SITC 2025
GemPharmatech was excited to attend the Society for Immunotherapy of Cancer's SITC 2025, which took place Nov. 5-9, in National Harbor, MD. We enjoyed meeting so many of you at our Booth 738!
At GemPharmatech, we offer a comprehensive suite of solutions backed by a broad portfolio of genetically engineered mouse models designed to accelerate your immuno-oncology pipeline research.
Here was an overview of what we can provide:
Genetically Engineered Mouse Models (GEMMs): More than 25,000 strains, including knockout, humanized, and immunodeficient models.
Custom Model Generation: More than 6,000 custom models developed annually using cutting-edge gene-editing technologies.
Preclinical Pharmacology Services: In vivo/in vitro platforms for oncology and immunotherapy studies.
Offsite Breeding & Housing: Flexible programs featuring highly controlled Specific Pathogen-Free (SPF) facilities with a capacity exceeding more than 230,000 cages.
Disease-Specific Models: High-relevance models of cancer and inflammatory diseases.

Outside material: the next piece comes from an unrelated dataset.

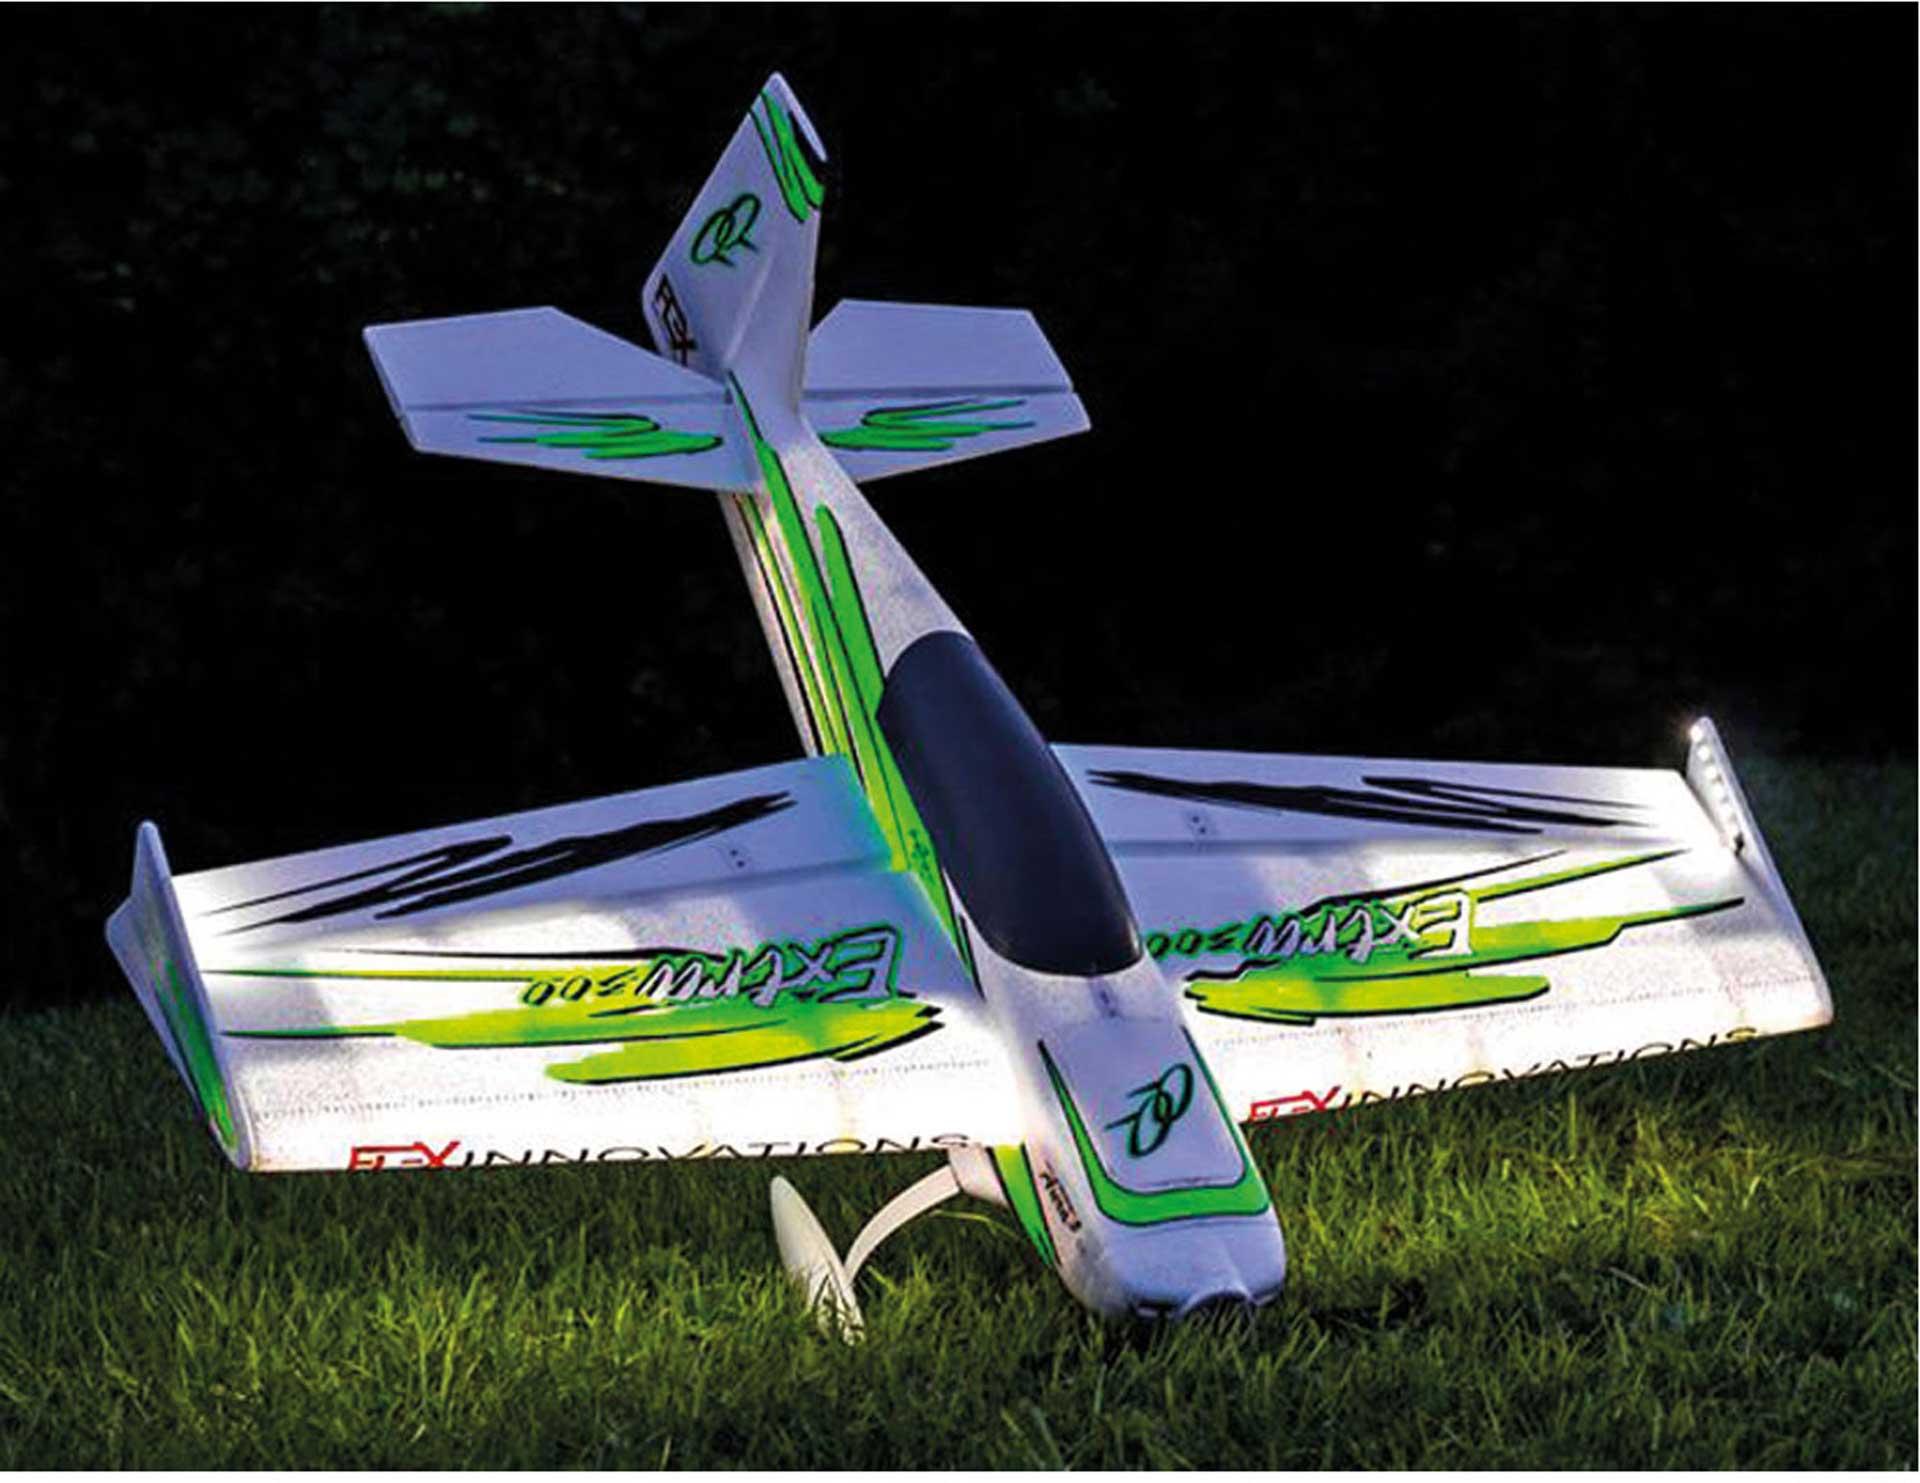 PREMIER AIRCRAFT QQ EXTRA 300 V2 GRÜN/SCHWARZ NIGHT SUPER PNP MIT LED BELEUCHTUNG UND AURA 8

Collaborative Research Support: Customization, colony management, and technical consultation.
We presented six new scientific posters at SITC, showcasing recent advancements across our preclinical research platforms. The posters featured our latest advancements in humanized mouse models and preclinical immuno-oncology research:
"A Novel Humanized Mouse Model for Preclinical Efficacy Evaluation of Anti-CD47/Anti-SIRPα Therapeutics”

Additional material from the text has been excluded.